Secara terminologis, niat didefinisikan sebagai QASHDU ASY-SYAI'I MUQTARINAN BI FI'LIHI (menyengaja sesuatu yang dibarengi dengan perbuatannya). Jika kesengajaan itu tidak dibarengi dengan perbuatan, maka ia disebut sebagai AZAM. Kedalaman makna niat ini menuntut seorang mukmin untuk senantiasa melakukan TAJDIDUN NIYAH (pembaruan niat) agar setiap aktivitas duniawi dapat bertransformasi menjadi nilai ukhrawi. Imam Al-Ghazali dalam Ihya Ulumuddin menjelaskan bahwa niat adalah penggerak jiwa menuju tujuan yang sesuai dengan maksud tertentu, baik itu dorongan duniawi maupun dorongan ukhrawi. Tanpa kejernihan niat, amal hanyalah raga yang tak bernyawa, sementara niat adalah ruh yang menghidupkannya.
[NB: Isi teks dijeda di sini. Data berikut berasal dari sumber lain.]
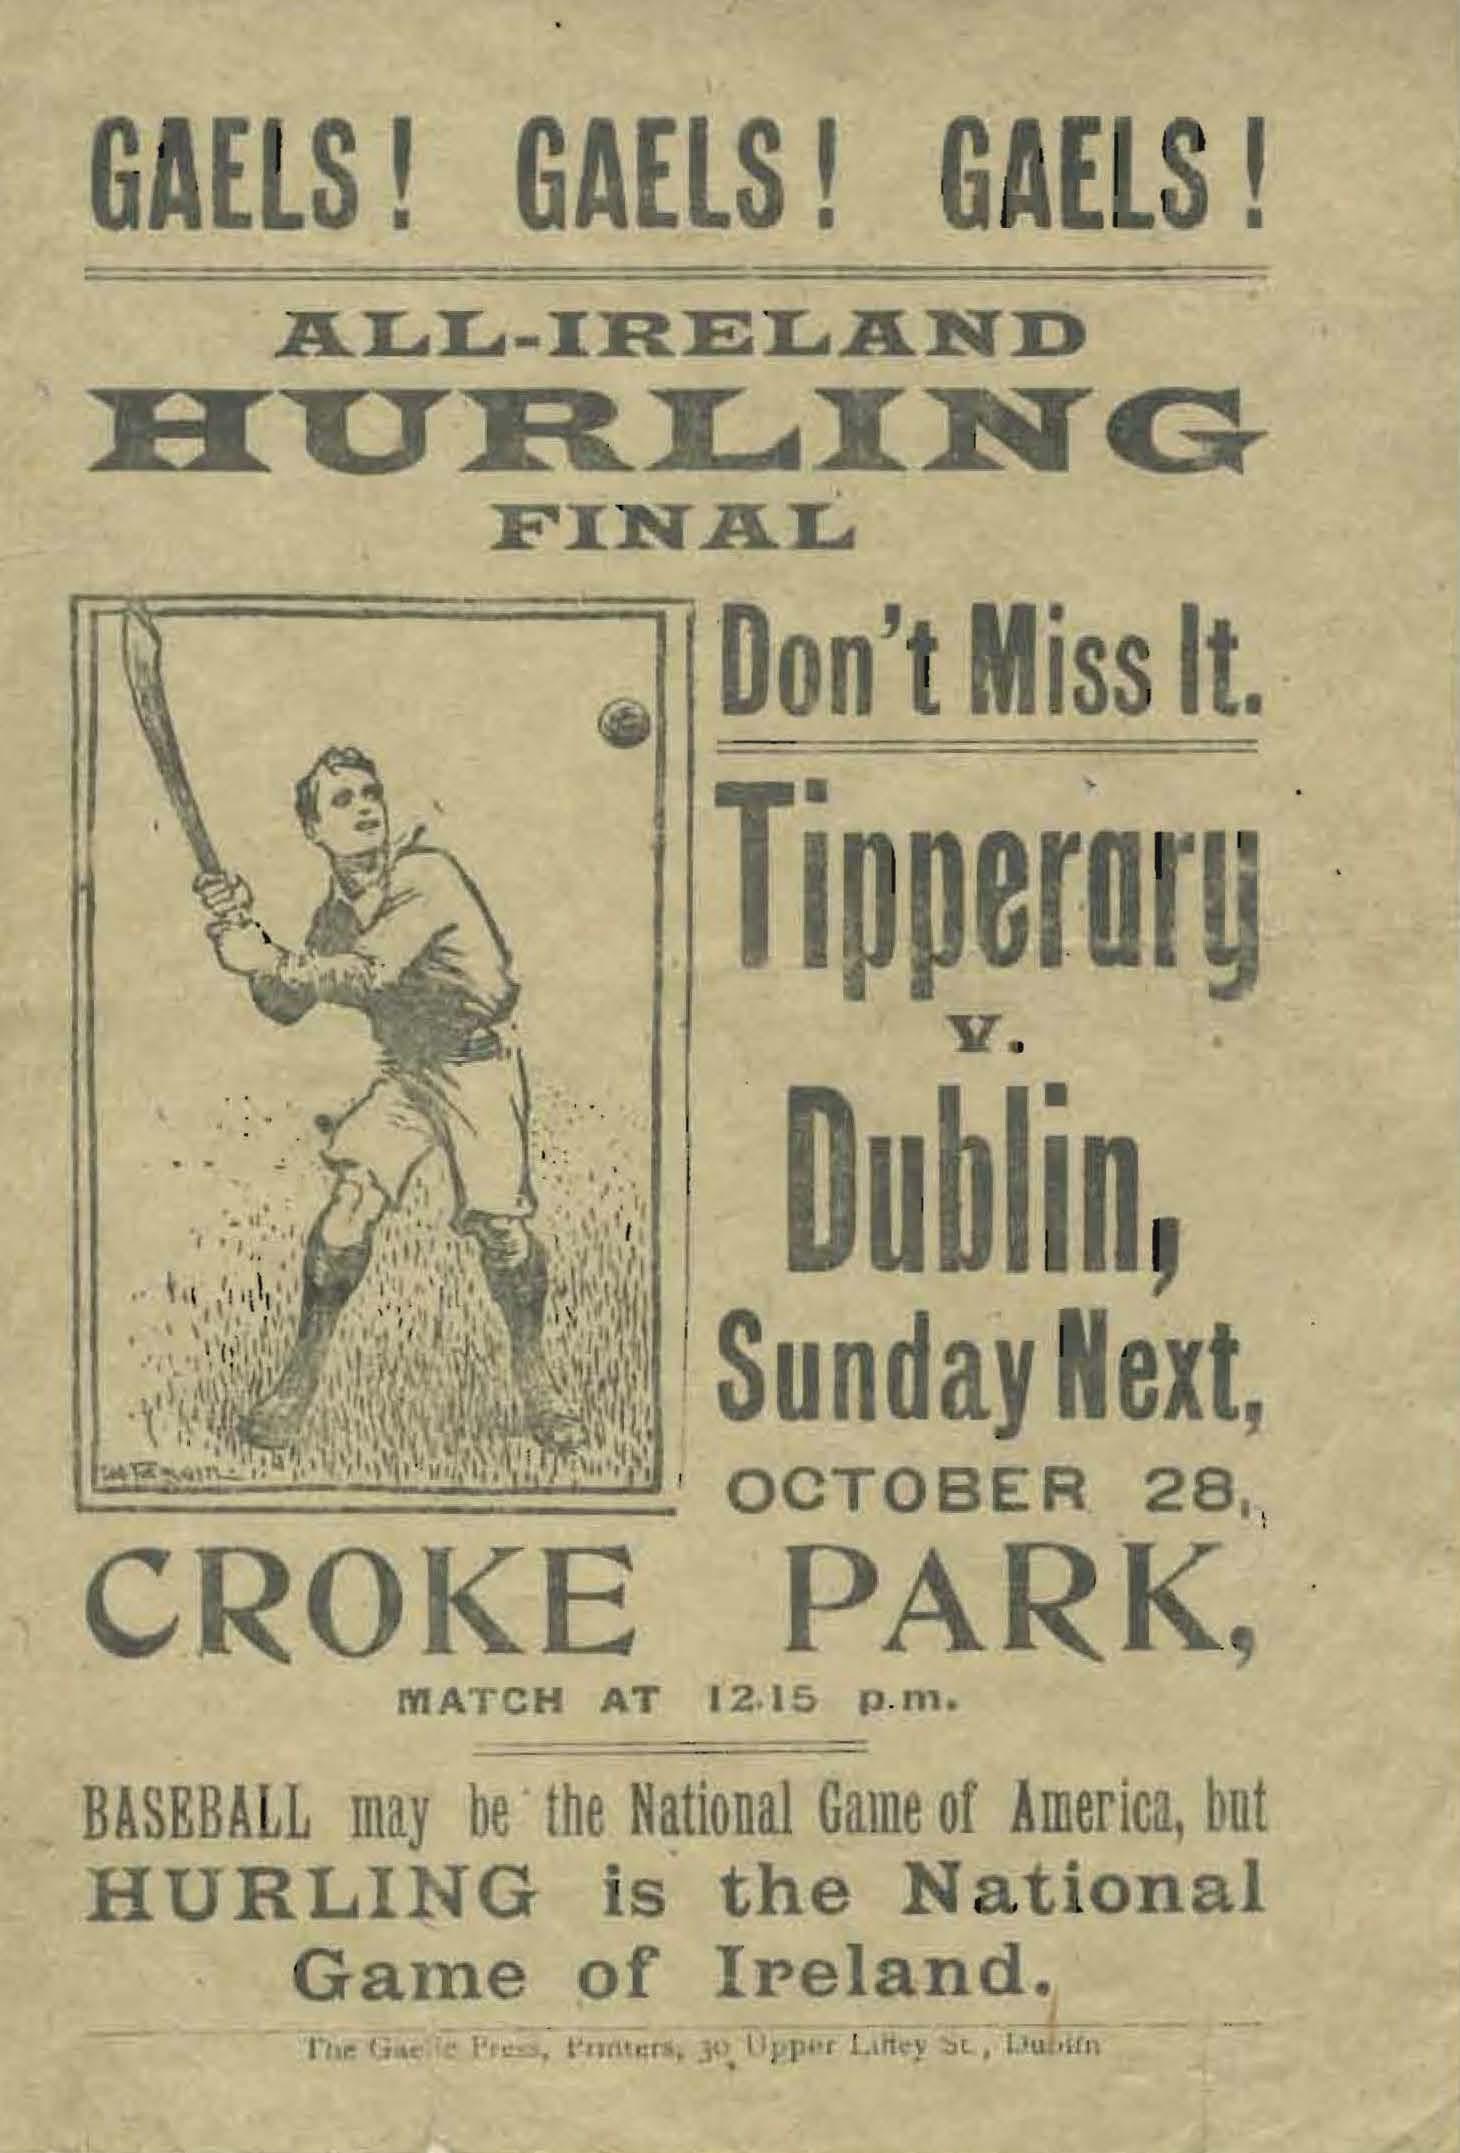 1917 Hurling All-Ireland Final Flyer

النِّيَّةُ هِيَ انْبِعَاثُ النَّفْسِ وَتَوَجُّهُهَا إِلَى مَا تَرَاهُ مُوَافِقًا لِغَرَضِهَا، مِنْ جَلْبِ نَفْعٍ أَوْ دَفْعِ ضَرٍّ، حَالًا أَوْ مَآلًا. وَالشَّرْعُ خَصَّصَ اسْمَ النِّيَّةِ فِي لِسَانِ حَمَلَتِهِ بِالْإِرَادَةِ الْمُتَوَجِّهَةِ إِلَى الْفِعْلِ ابْتِغَاءً لِوَجْهِ اللهِ تَعَالَى وَامْتِثَالًا لِأَمْرِهِ
Terjemahan & Tafsir Mendalam Blok 2:
Niat adalah kebangkitan jiwa dan arah tujuannya menuju apa yang dipandangnya sesuai dengan tujuannya, baik berupa menarik manfaat atau menolak mudarat, secara langsung maupun di masa depan. Syariat mengkhususkan istilah niat dalam lisan para pengembannya dengan kehendak yang diarahkan pada perbuatan demi mengharap wajah Allah Ta'ala dan sebagai bentuk kepatuhan terhadap perintah-Nya. Penjelasan ini menekankan bahwa niat bukan sekadar ucapan di lisan (TALAFUDZ), melainkan kondisi psikologis dan spiritual yang sadar. Dalam kajian akidah, niat menjadi pembeda utama antara Ikhlas dan Riya. Ikhlas menuntut pembersihan niat dari segala campuran kepentingan makhluk, sedangkan riya adalah syirik kecil yang membatalkan pahala amal meskipun secara lahiriah amal tersebut tampak agung.
Urgensi niat kemudian diformulasikan oleh para fuqaha ke dalam sebuah kaidah fiqih yang sangat masyhur. Kaidah ini menjadi payung hukum bagi ribuan persoalan cabang (furu'iyyah) dalam hukum Islam. Prinsip ini menegaskan bahwa setiap tindakan hukum, baik dalam ranah ibadah maupun muamalah, akan dinilai berdasarkan maksud dan tujuan dari pelakunya. Hal ini memberikan fleksibilitas sekaligus ketegasan dalam hukum Islam, di mana sesuatu yang secara lahiriah tampak sama bisa memiliki konsekuensi hukum yang berbeda total karena perbedaan niat di balik tindakan tersebut.